Brief
The goal is a clean copy of all the data below, with pictures dropped and everything else retyped exactly.

Provided material
▬▬▬▬▬▬▬▬▬▬

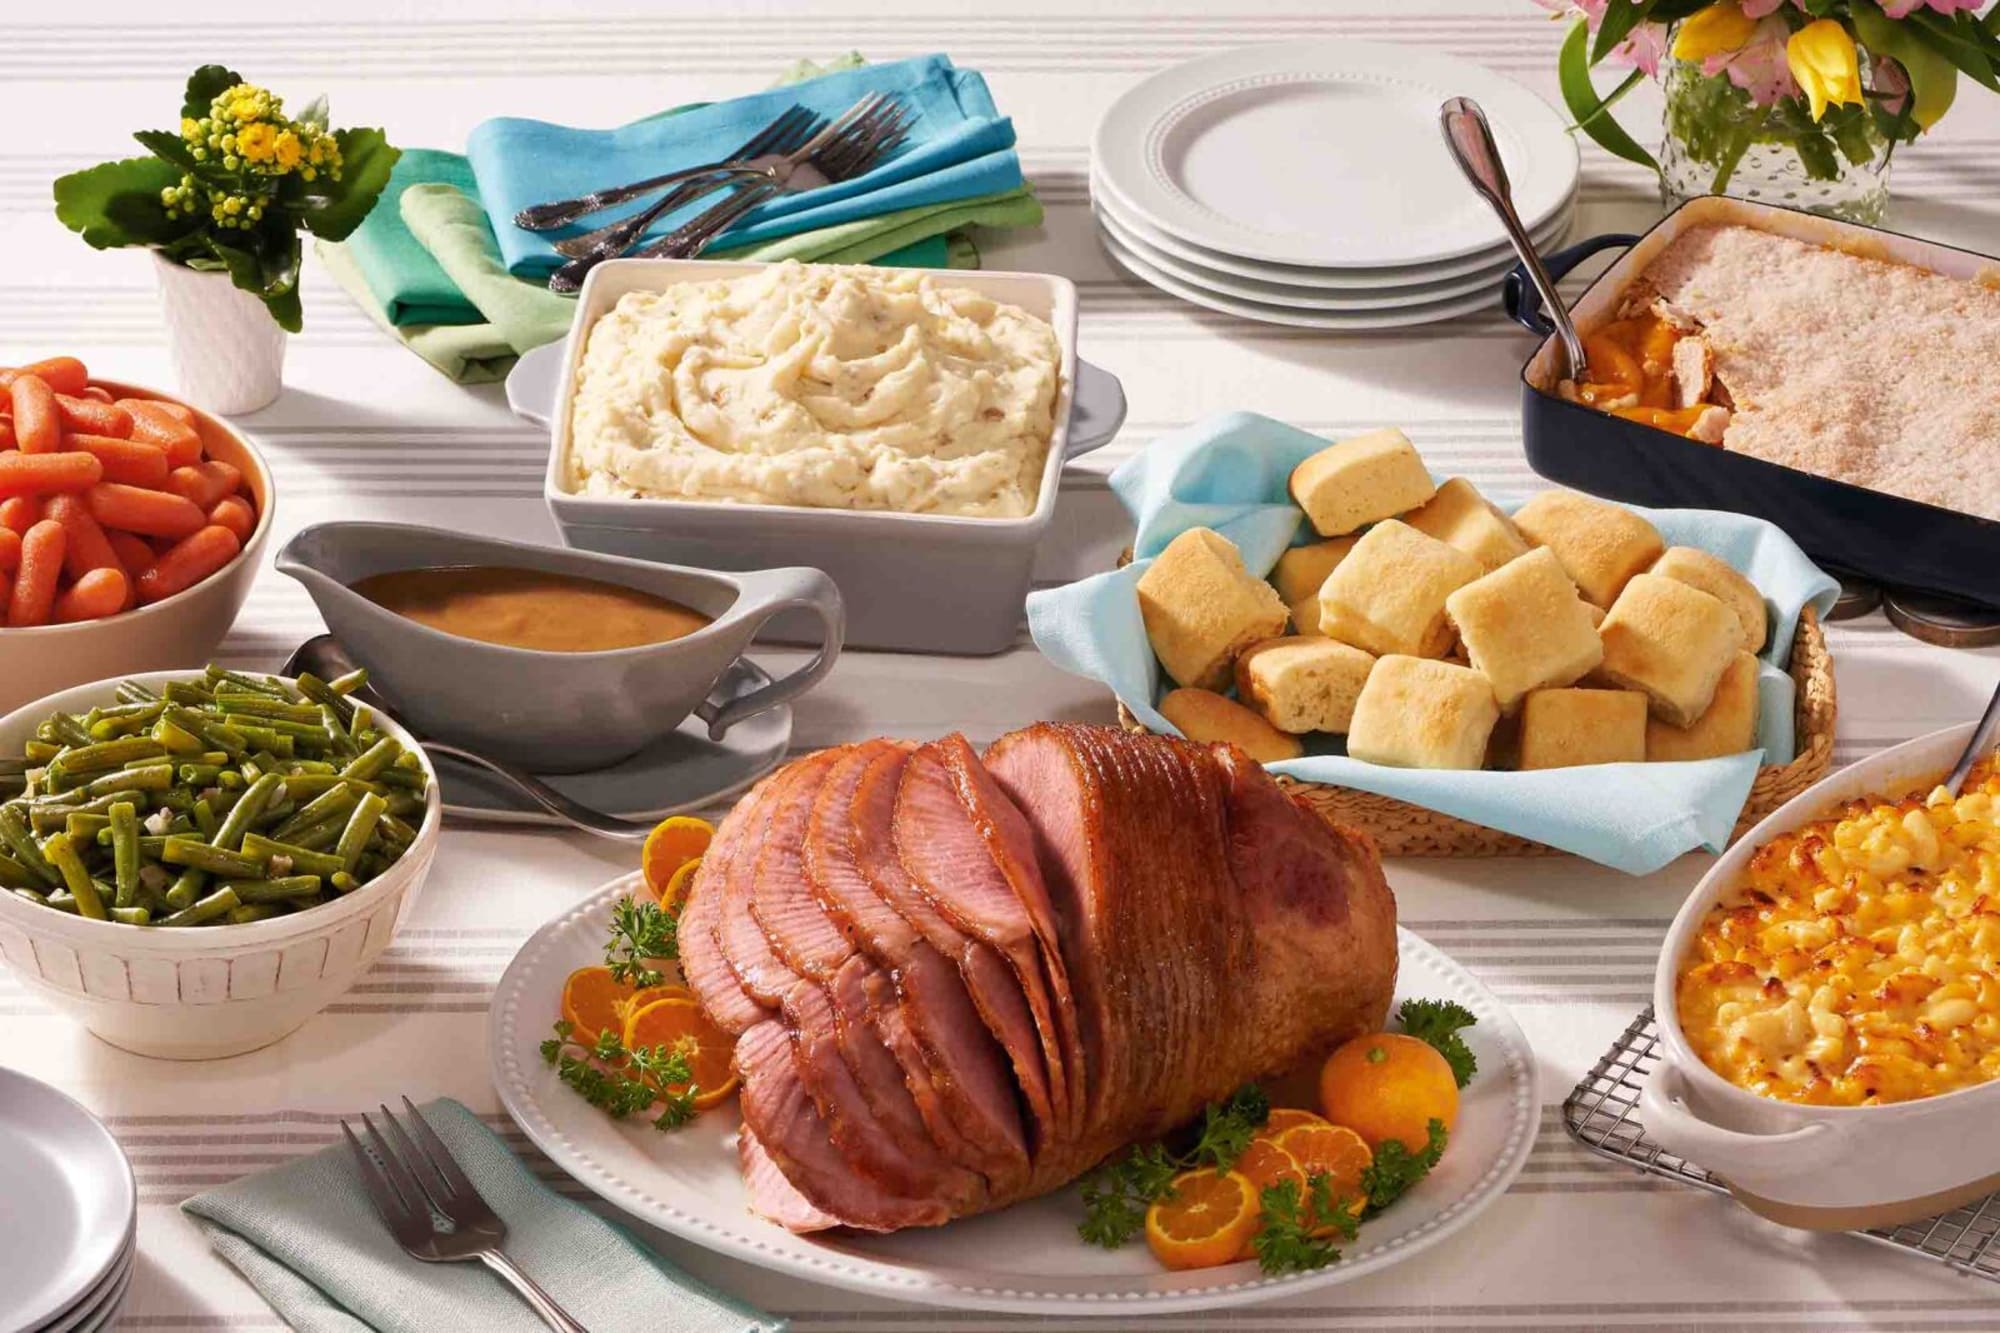 Cracker Barrel is bringing the feasts for Easter - Guilty Eats
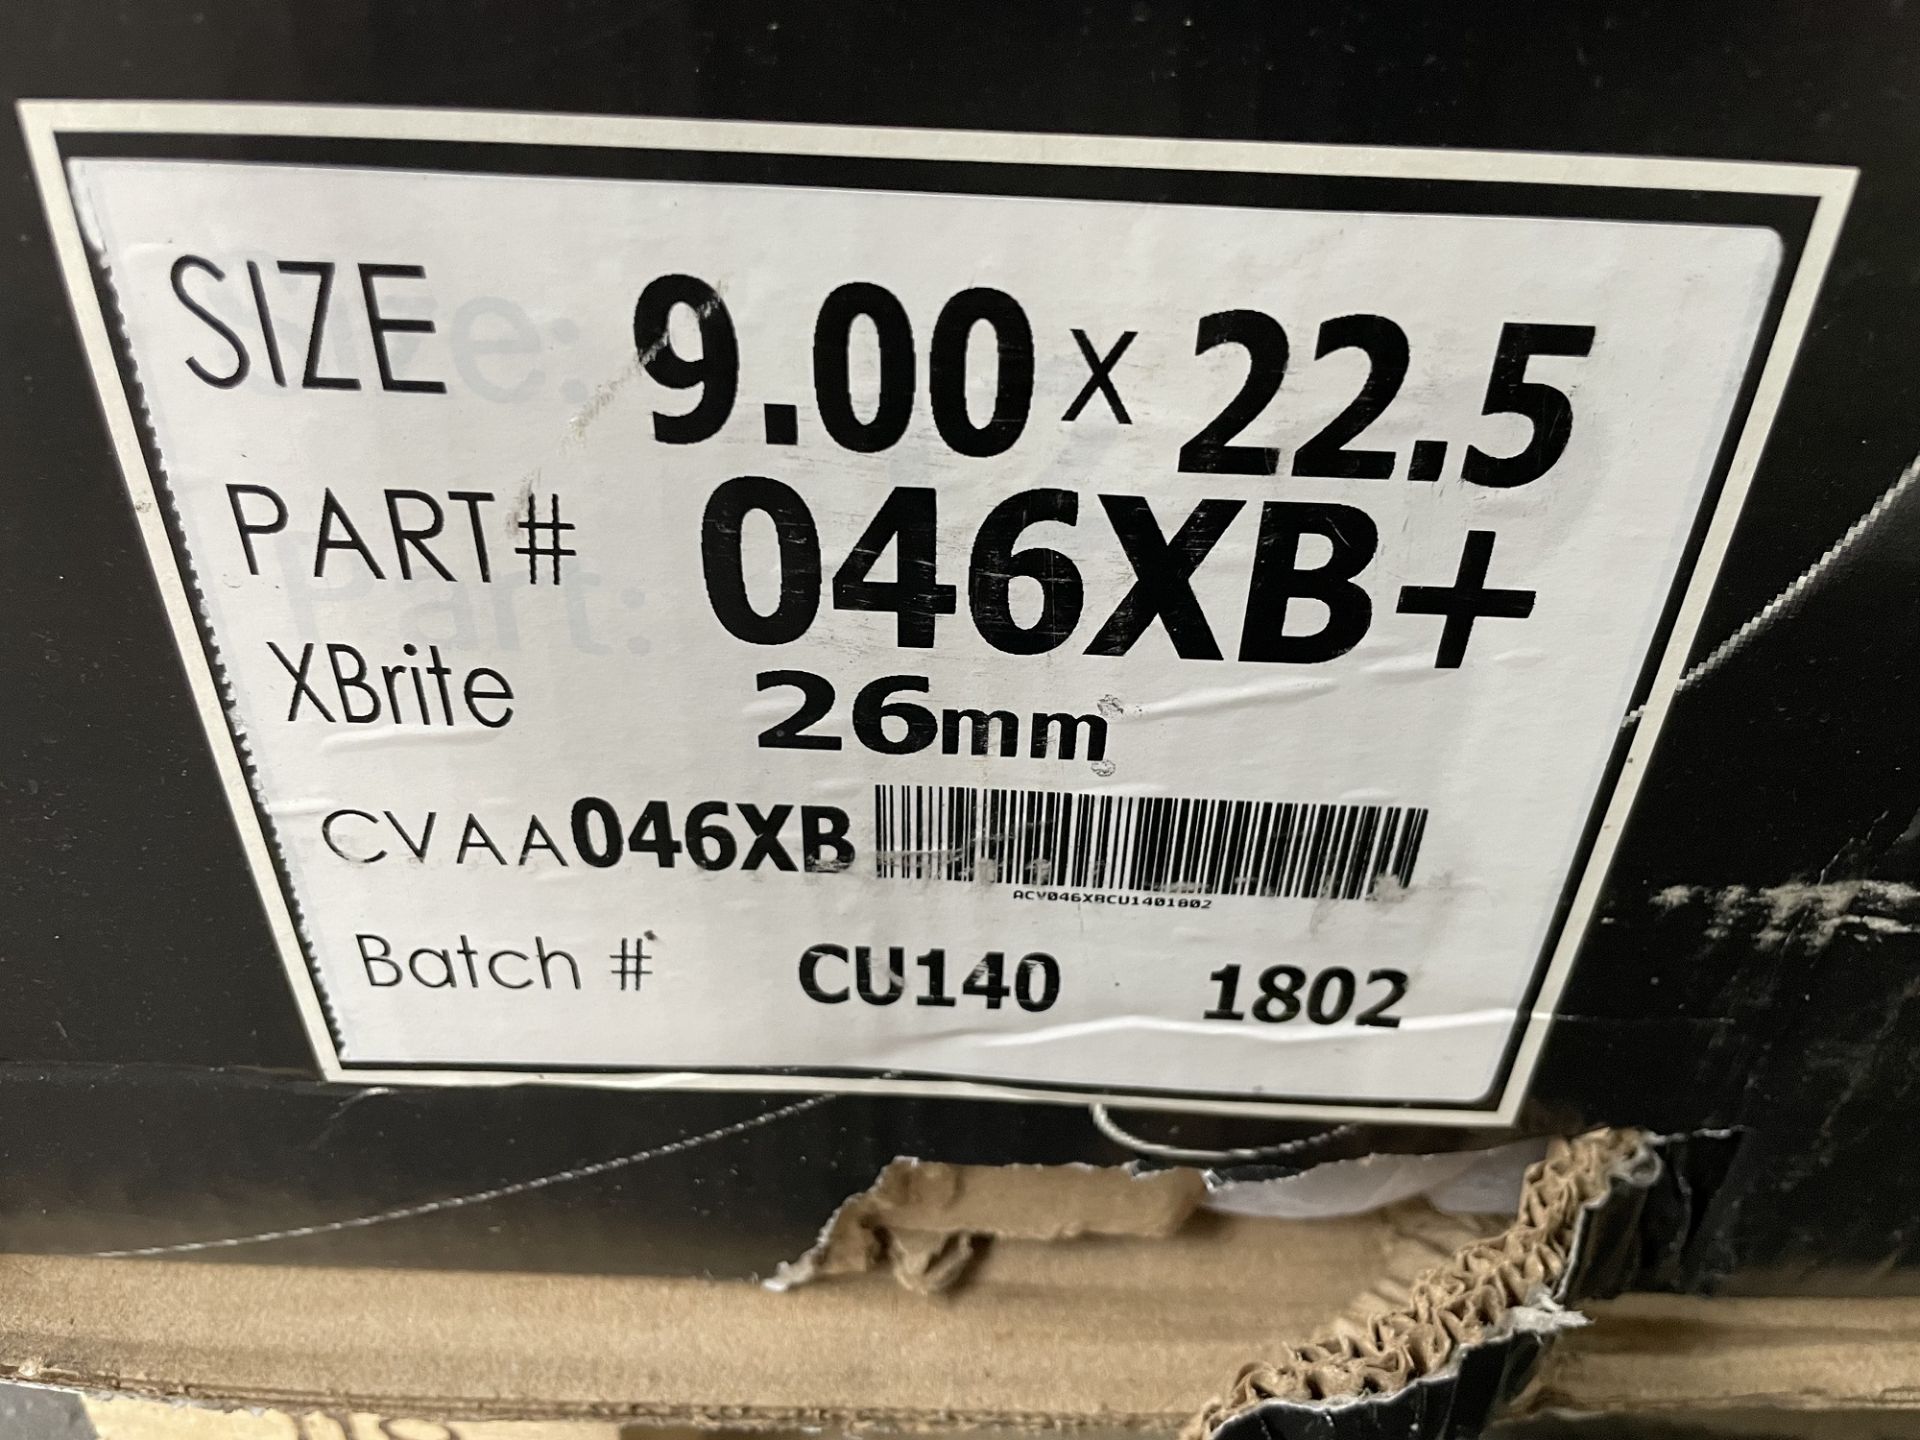 6 Xbrite Forged Aluminium Wheels, 9.00 x 22.5, Part No.046XB+, Xbrite 26mm (boxed as new). - Image 3 of 3
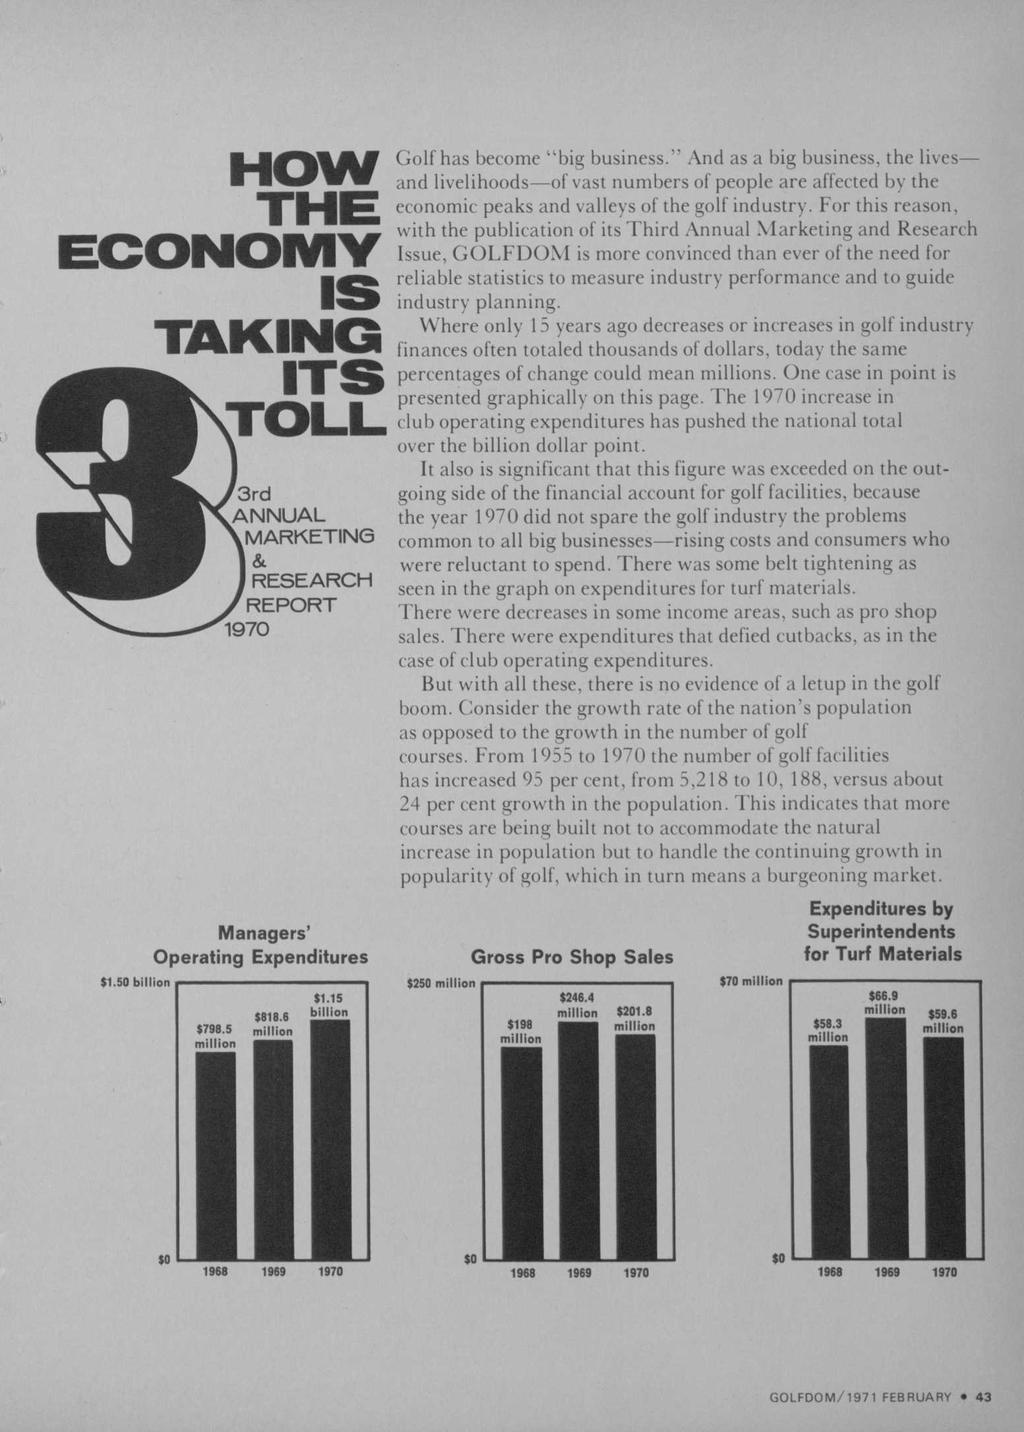 HOW ECONOMY TAKING Î 4 TOLL 3rd ANNUAL MARKETING & RESEARCH REPORT 1970 Golf has become "big business.
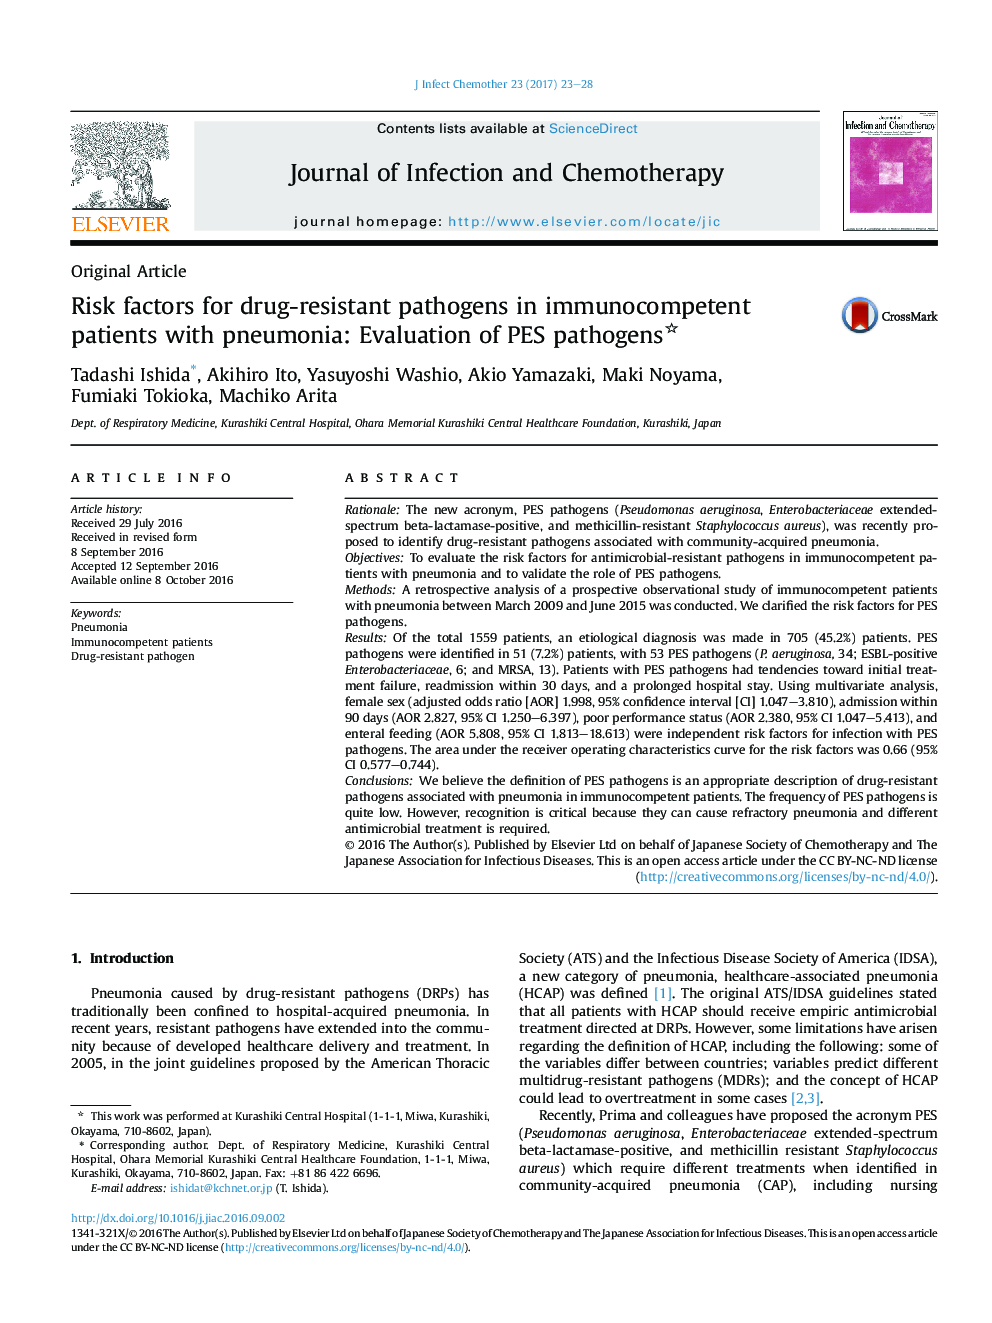 Risk factors for drug-resistant pathogens in immunocompetent patients with pneumonia: Evaluation of PES pathogens

▬▬▬▬▬▬▬▬▬▬

Exercise answer
 Cracker Barrel is bringing the feasts for Easter - Guilty Eats
 6 Xbrite Forged Aluminium Wheels, 9.00 x 22.5, Part No.046XB+, Xbrite 26mm (boxed as new). - Image 3 of 3
 HOW ECONOMY TAKING Î 4 TOLL 3rd ANNUAL MARKETING & RESEARCH REPORT 1970 Golf has become "big business.
 Risk factors for drug-resistant pathogens in immunocompetent patients with pneumonia: Evaluation of PES pathogens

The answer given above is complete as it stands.